Packaging has taken longer to sort than expected and it will be the end of Nov until resellers have stock. Apologies to all who are waiting. But trust me, it'll be worth it. The final products in multi-packaging look great.


----------



## visor (Sep 8, 2007)

hmmm...something to look forward too


----------



## Bigpikle (May 21, 2007)

Dodo Factory said:


> Nope.
> 
> Packaging has taken longer to sort than expected and it will be the end of Nov until resellers have stock. Apologies to all who are waiting. But trust me, it'll be worth it. The final products in multi-packaging look great.
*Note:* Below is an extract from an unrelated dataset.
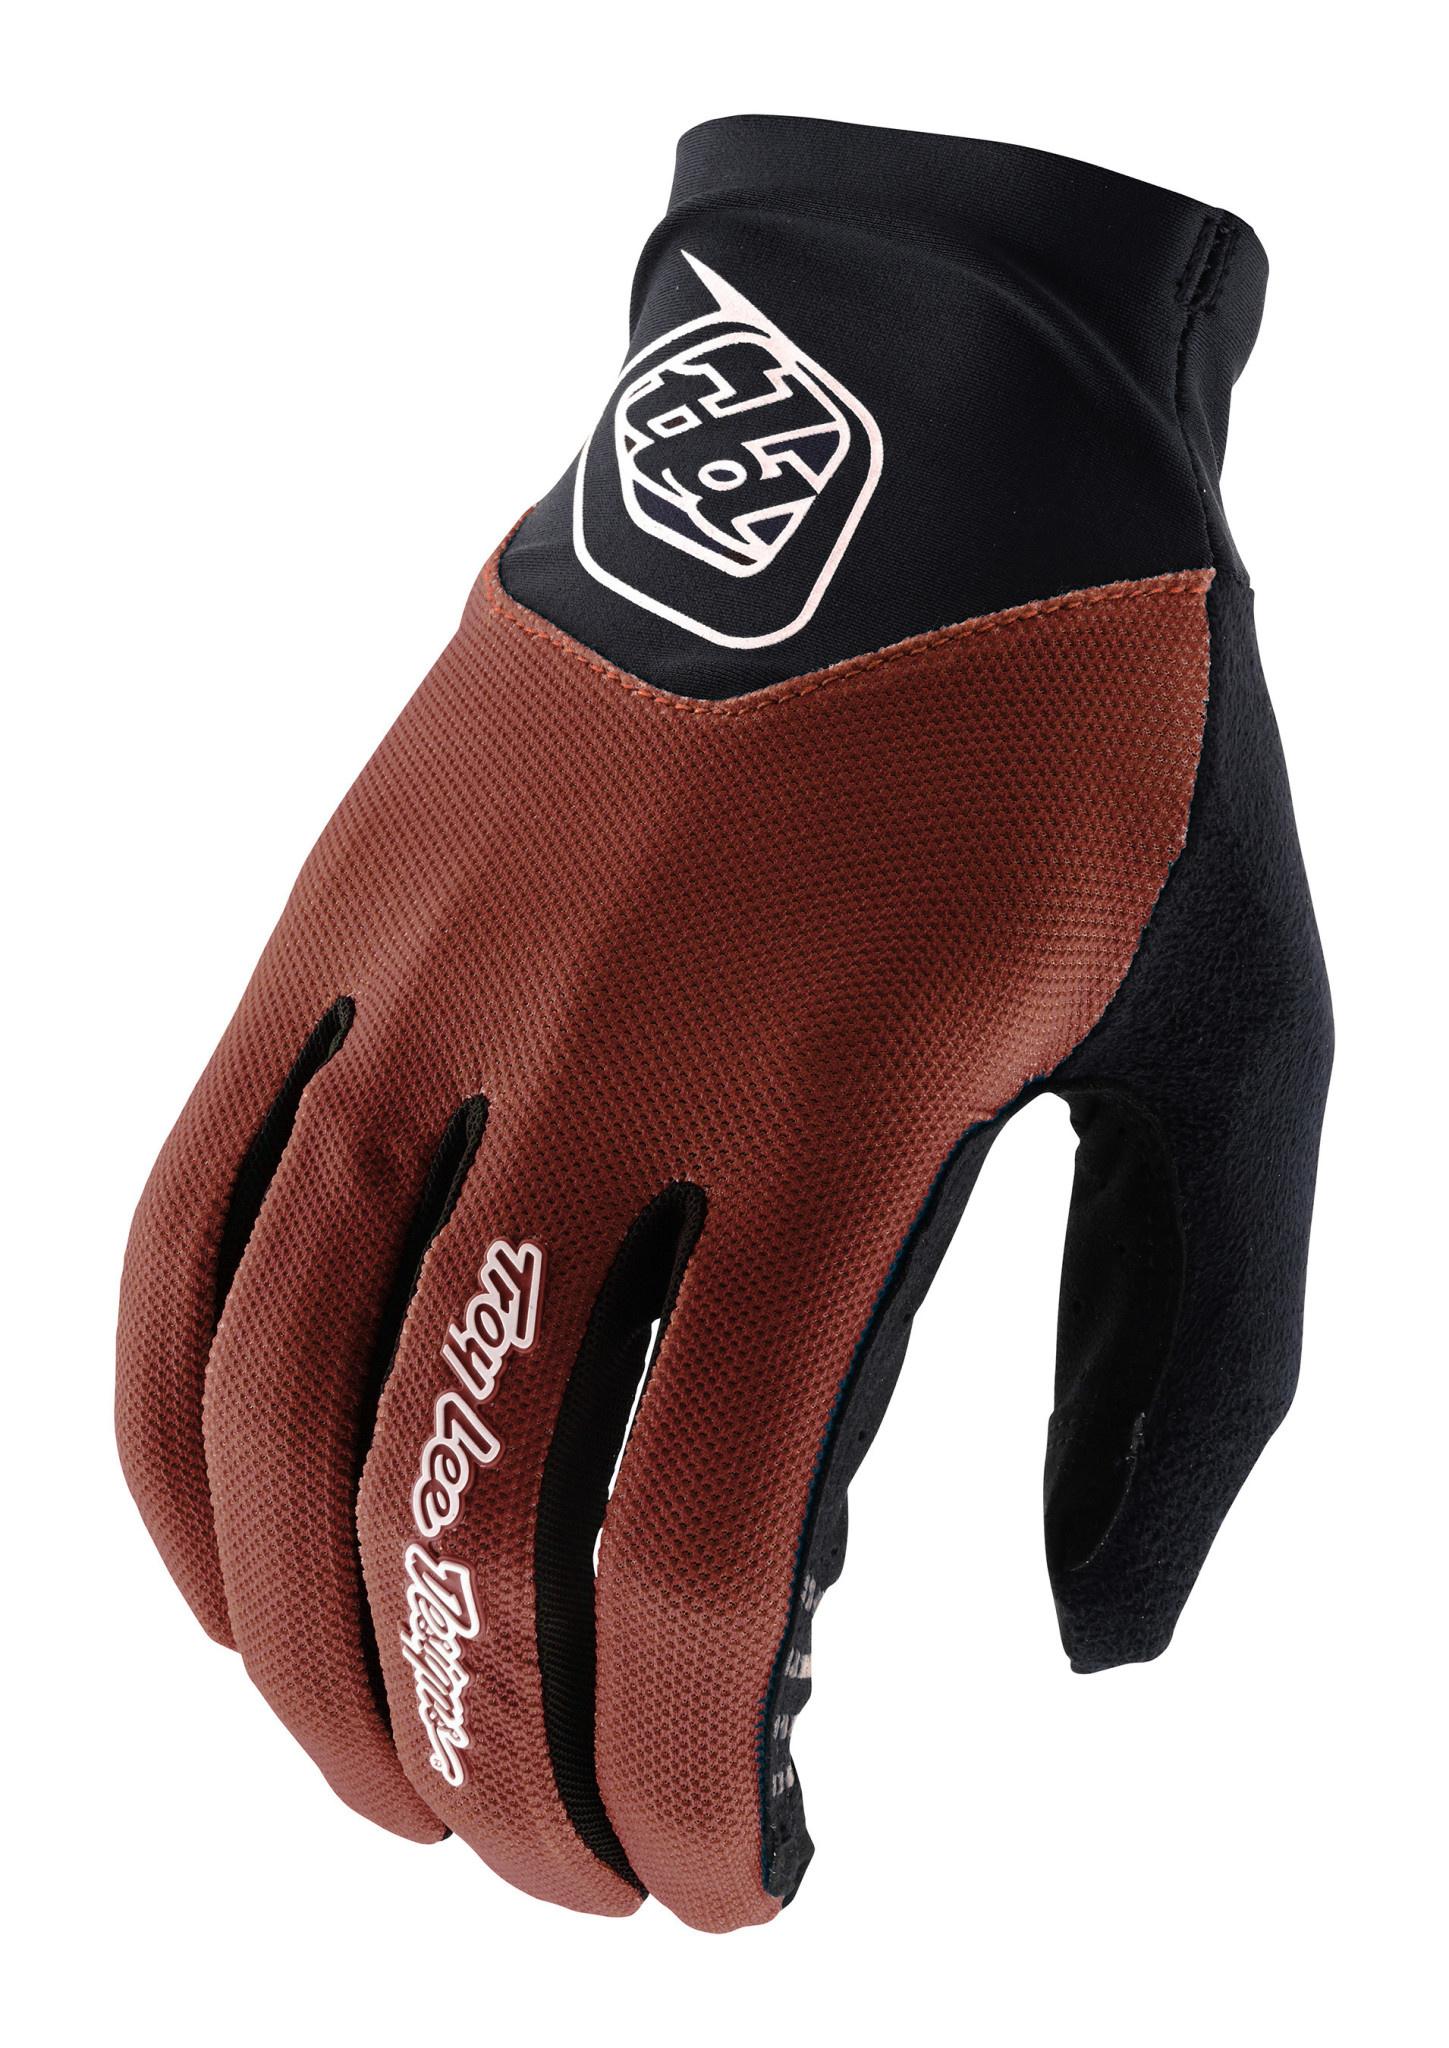 Ace 2.0 Gloves

are these available individually or only in multi-packs?


----------



## bidderman1969 (Oct 20, 2006)

multi packs would be better surely, as you can try each one to determine which would be best for your own individual needs?


----------



## Dodo Factory (Apr 11, 2007)

They will initially be available in either multipacks of 4 and 8 only.


----------



## Bigpikle (May 21, 2007)

cool - happy with that :thumb:


----------



## Scorpio (May 29, 2006)

Looking forward to trying these! :thumb:


----------



## clifford (Aug 19, 2007)

are these with the resellers yet?


----------



## rubbishboy (May 6, 2006)

No, we don't have them yet.


Dodo Juice - Black Wow - Original Edition - Juiced Edition


----------



## clifford (Aug 19, 2007)

rubbishboy said:


> No, we don't have them yet.
> 
> 
> Dodo Juice - Black Wow - Original Edition - Juiced Edition


any idea when mate?cant wait to get my hands on them b4 xmas:thumb: :wave:


----------



## rubbishboy (May 6, 2006)

clifford said:


> any idea when mate?cant wait to get my hands on them b4 xmas:thumb: :wave:


Anytime soon I believe, mid december was mentioned.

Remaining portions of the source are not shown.